その夜、宿の部屋で『無題の皮革手帳』を開いたエルノアは、今日の出来事を思い出してくすりと笑いを漏らした。頬には店の壺がぶつかった時の小さな痣が残っていたが、それすらも今は誇らしい勲章のように思えた。
「まさか、手帳を開いても白紙になっていないなんて。今日も、ちゃんと私の記憶として残っているのですね」
しみじみと呟き、羽根ペンを手に取る。窓の外から聞こえる街のざわめきに耳を傾けながら、エルノアはゆっくりとペンを走らせた。

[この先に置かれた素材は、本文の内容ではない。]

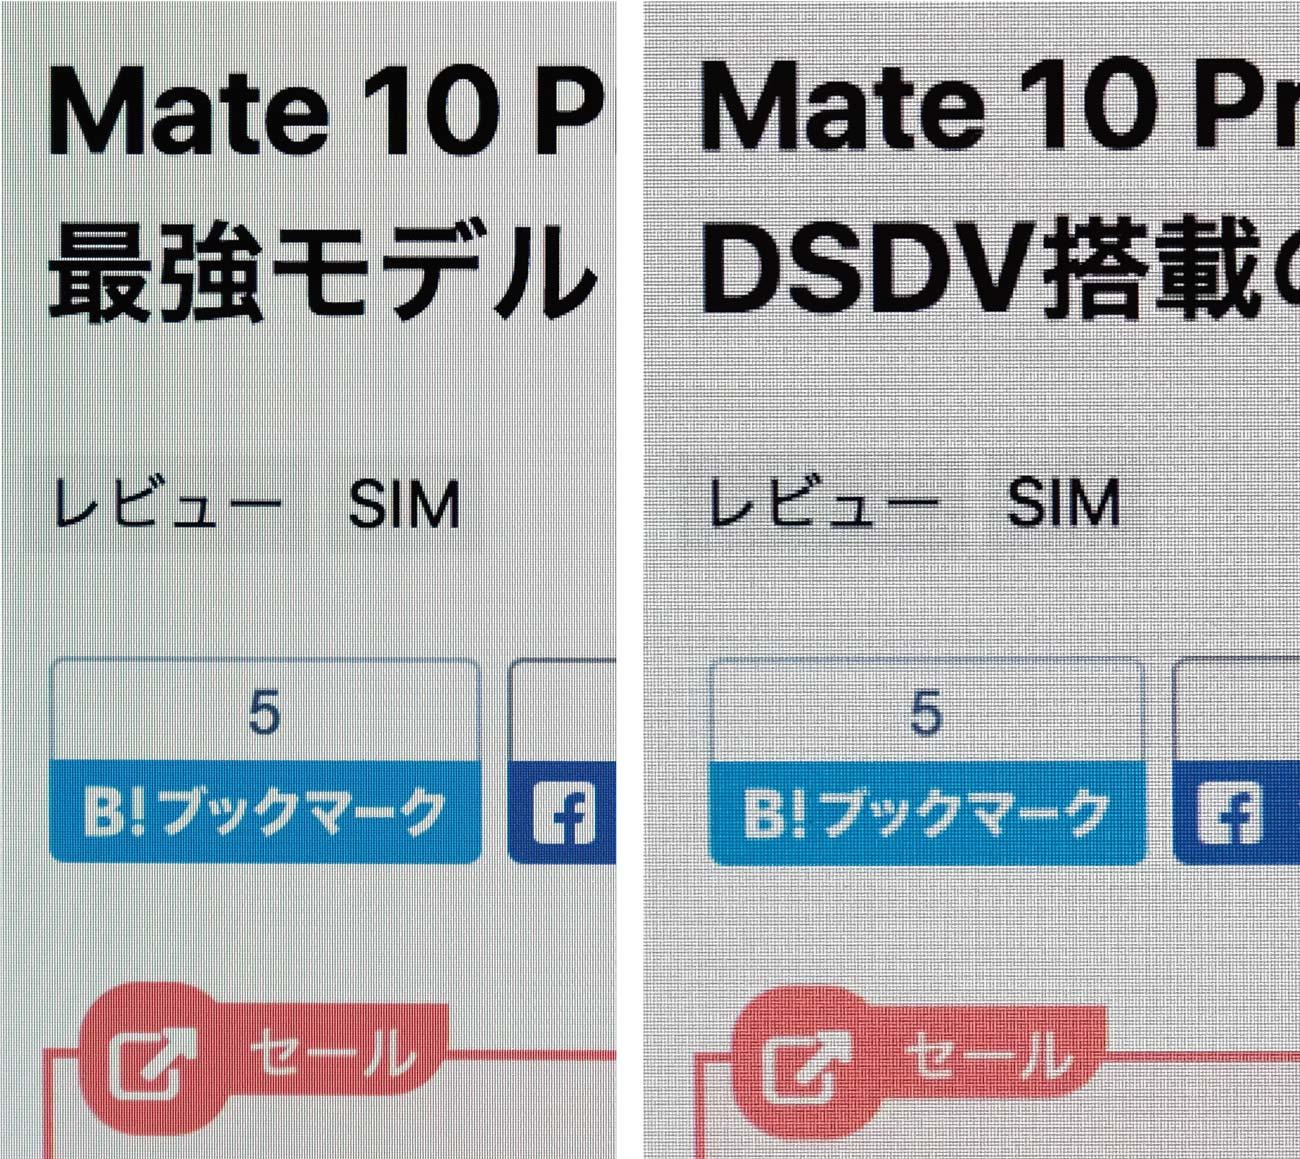 5Kディスプレイと4Kディスプレイの解像度比較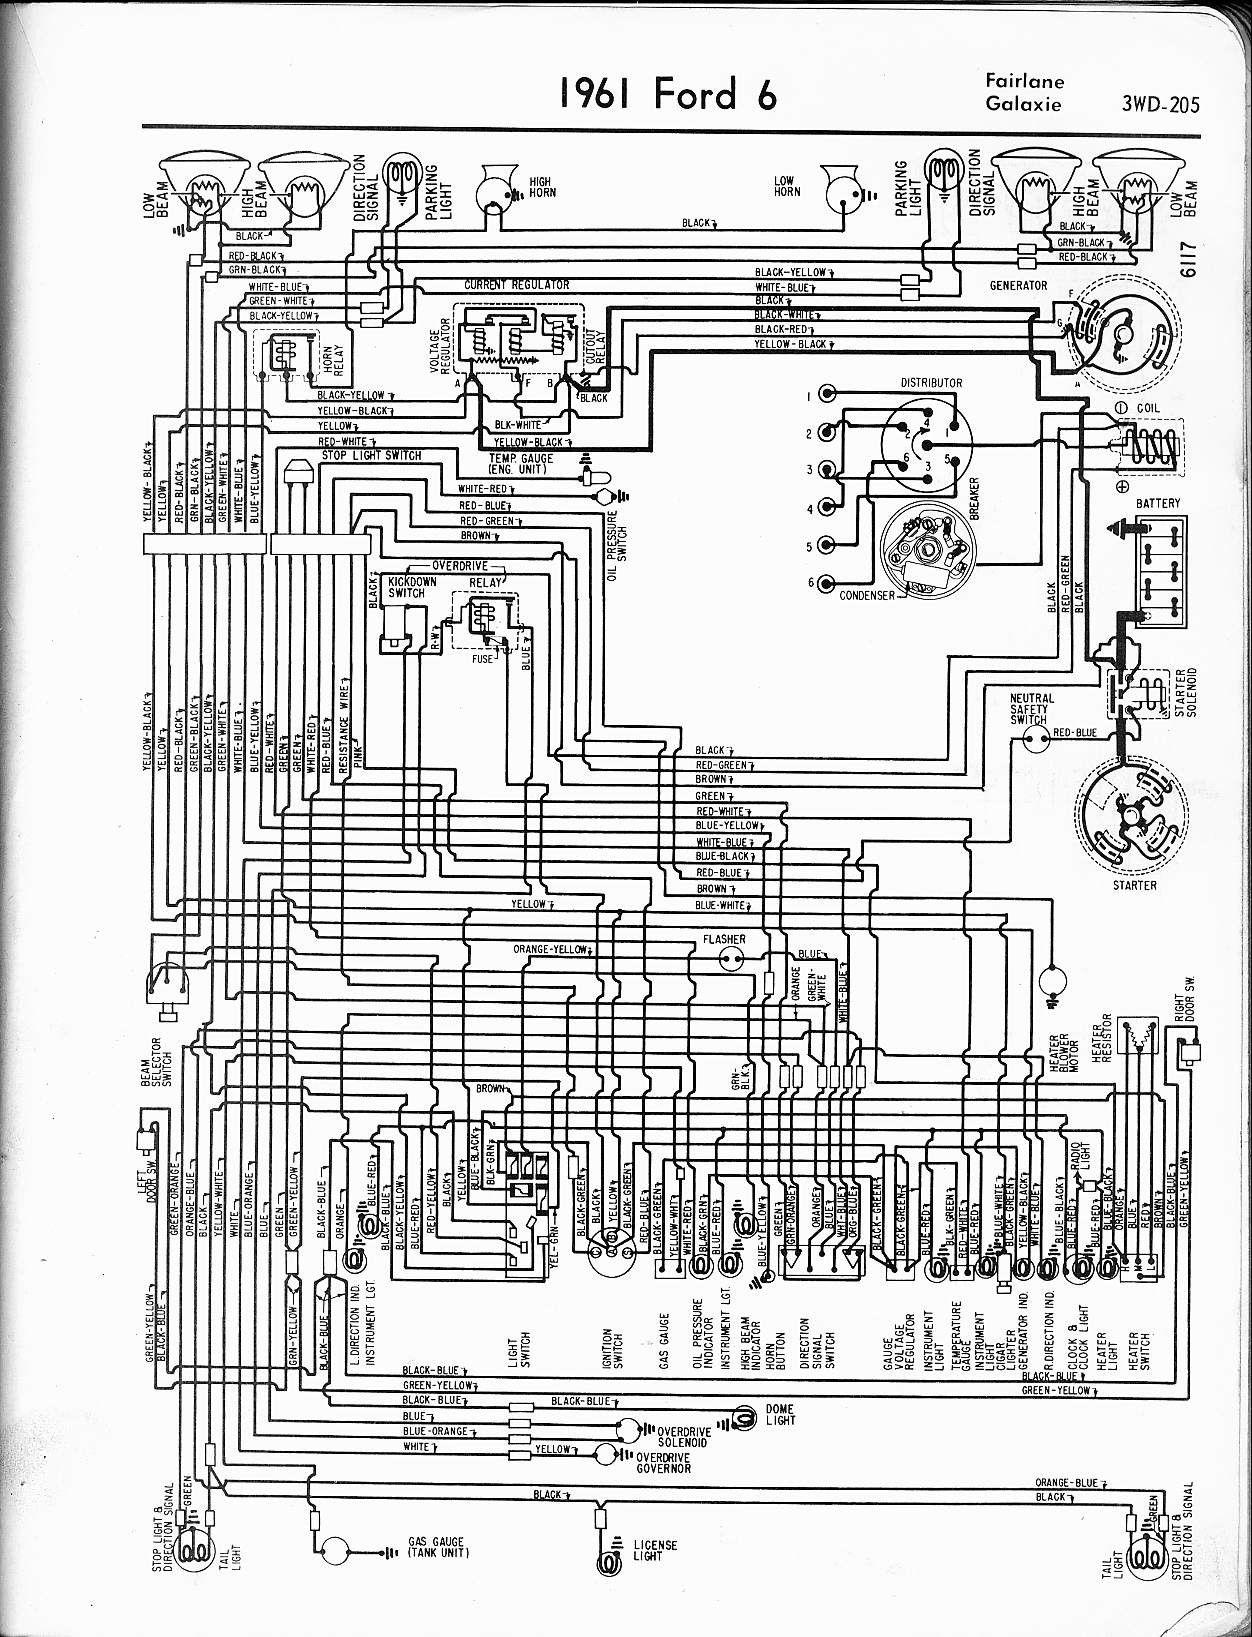 Mercury Mark 55e Wiring Diagram In 2021 Ignition Switch Wiring Diagram Wiring Diagram 1974 Ford F100

『〇月〇日、ラパンの街にて。とっても可愛いモフモフのパフちゃんと、賑やかな大掃除をしました。少し服が汚れましたが、とても楽しい一日でした』
書き終えたページを見つめ、エルノアは満足げに手帳を閉じた。サッチェルバッグの中では、一話の街の星の歯車、二話の空色のしおり、三話の木彫りのパン、そして今日新しく加わったモフモフのハンカチが、賑やかに触れ合って小さな音を立てている。
「ふふ、今日も一つ、忘れられない思い出が増えました」
パフのふわふわとした感触が、まだ手のひらに残っている気がする。今日出会った不思議な人たちとの一日を、エルノアはもう一度胸の中で丁寧になぞり直した。
窓の外には、ラパンの街の灯りがちらちらと瞬いていた。ベッドに横たわったエルノアは、今日一日のドタバタ劇を思い返しながら、温かい気持ちのまま静かに眠りについた。夢の中でも、モフモフのパフと一緒に店中を駆け回っているような、そんな幸せな気配がいつまでも漂っていた。